La propuesta captó mi atención y decidí participar enviando un primer capítulo de cinco hojas. Ese primer capítulo contenía la idea principal de "Nunca dejes de mirarme"; digamos que fue la primera chispa... Mi capítulo consiguió el mayor número de votos y fue elegido de entre otros muchos para configurar el argumento. Sin embargo, después de algunos meses el proyecto fue abandonado por la mayoría de los participantes (a casi nadie le gusta escribir sobre temas que no han surgido desde el inicio de uno mismo). Con las mismas guardé ese primer capítulo en el cajón y continué escribiendo otras novelas. Pero... la idea estaba ahí; y de vez en cuando me rondaba el pensamiento igual que si fuera un fantasma.
No fue hasta un año más tarde, mientras escribía "El punto medio del corazón", que me animé a mostrarla, capítulo a capítulo en Wattpad. Lo hice como mero entrenamiento o quizá como una forma de "librarme" de ella; no lo sé, la verdad. El caso es que cada semana subía un nuevo capítulo; así hasta diecinueve. Entonces me detuve. ¿Y por qué? Porque me di cuenta de que aquello se estaba poniendo "serio". La novela estaba tomando cuerpo y alma, y merecía ser tratada desde otro enfoque.
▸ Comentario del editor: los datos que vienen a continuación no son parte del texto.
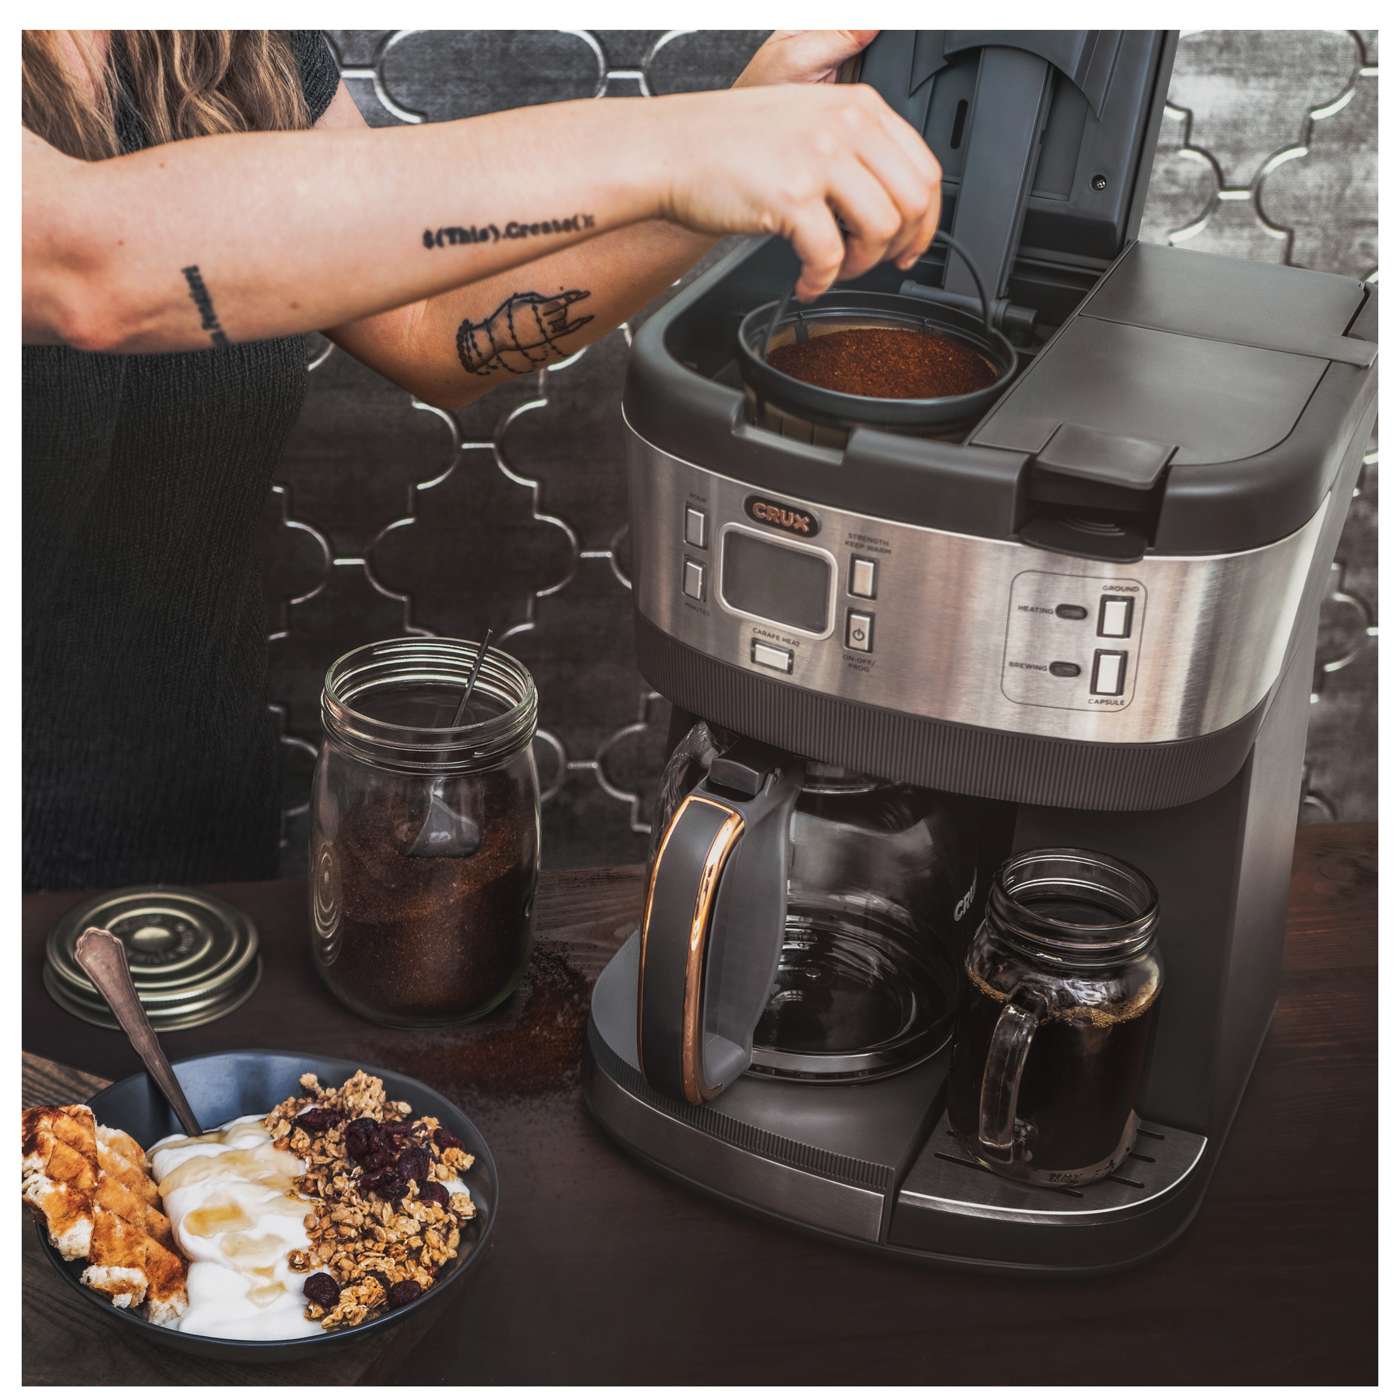 Crux Combination Coffee Machine with Self Cleaning Option
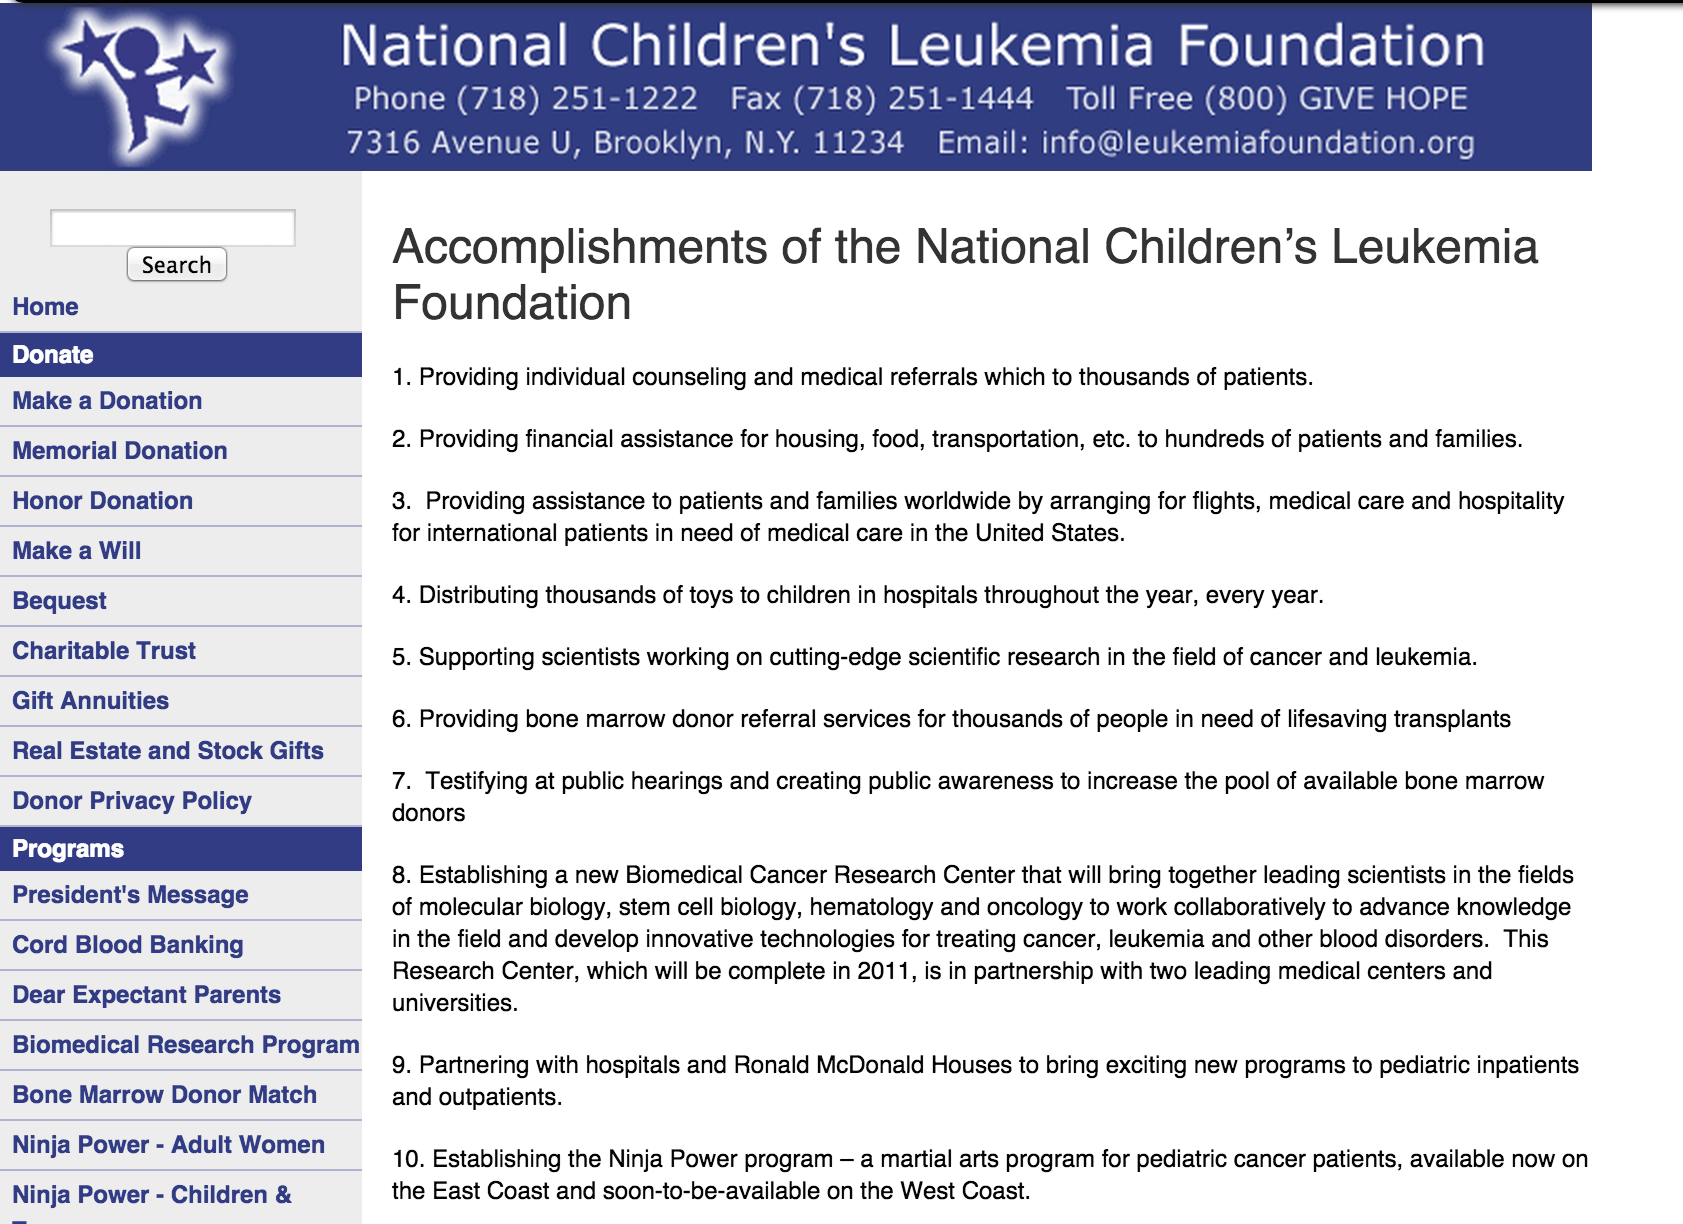 This archived page from the NCLF website shows the many programs and services that the Foundation claimed to operate. In reality, claims the state, the group was doing little to nothing to help fight leukemia.

Así que, con todo el dolor de mi corazón (y supongo que también del de todos mis lectores en dicha plataforma) borré todo rastro de ella y me dispuse a reescribirla hasta convertirla en lo que es ahora.
"Nunca dejes de mirarme" ha tardado casi tres años en ver la luz de forma completa. Y en esos tres años ella y yo hemos pasado por diferentes etapas. Desde la euforia más apremiante hasta la indiferencia absoluta (aunque esta última nunca duraba demasiado). 
El primer momento de angustia fue aquel en el que, antes incluso de escribir la primera palabra, no lograba encontrar un nombre adecuado para el personaje principal masculino. Recorrí incansable listas interminables de nombres y ninguno se adecuaba al color y sonoridad que necesitaba (qué le vamos a hacer; padezco de una sinestesia galopante; y no, no tomo drogas ☺); hasta que un día escuché a Agnes Obel cantar su Dorian y me dije: ¡Aleluya! Y ahí acabaron mis pesares en cuanto a nombres; pues el de Sara, la protagonista femenina y narradora de la historia ya lo tenía decidido desde hacía tiempo. Los demás surgieron de forma sencilla.
Desde un primer momento quise darle a la historia cierto ambiente sombrío, pero sin evitar la frescura de una narración de carácter adolescente; en ocasiones con un toque cómico. Esto último con la intención de desdramatizar ciertos aspectos de la novela.
Quien haya leído alguno de mis libros anteriores habrá comprobado la importancia que tiene la música a lo largo de la trama (sobre todo en "La promesa"). Con "Nunca dejes de mirarme" ocurre lo mismo; más teniendo en cuenta que los dos protagonistas principales tienen diecisiete años. Es imprescindible para mí introducir música en mis novelas, porque... ¿existe alguien en este mundo que pueda vivir sin música? ¿Aunque solo sea tararear los primeros compases de una canción o bailar al ritmo de un tambor? Lo veo difícil. En la novela aparecen canciones que acompañan a las escenas poniéndoles palabras. Como es el caso de Wherever you are de One Ok Rock que aparece de sonido ambiente en la escena "íntima" entre Dorian y Sara. Una canción que es a la vez un guiño a mi predilección por las culturas asiáticas.
La novela transcurre en Santiago de Compostela. Elegí esta ciudad porque me parece sencillamente mágica. Solo en ella podía imaginarme a Sara y a Dorian luchando contra la adversidad, bajo la lluvia, entre la verde espesura.
Y ya para finalizar suscribiré lo dicho ya en la sinopsis:
"Nunca dejes de mirarme" no es solo una novela de suspense, es también una historia de denuncia social. Un canto a la libertad y al descubrimiento del primer amor.  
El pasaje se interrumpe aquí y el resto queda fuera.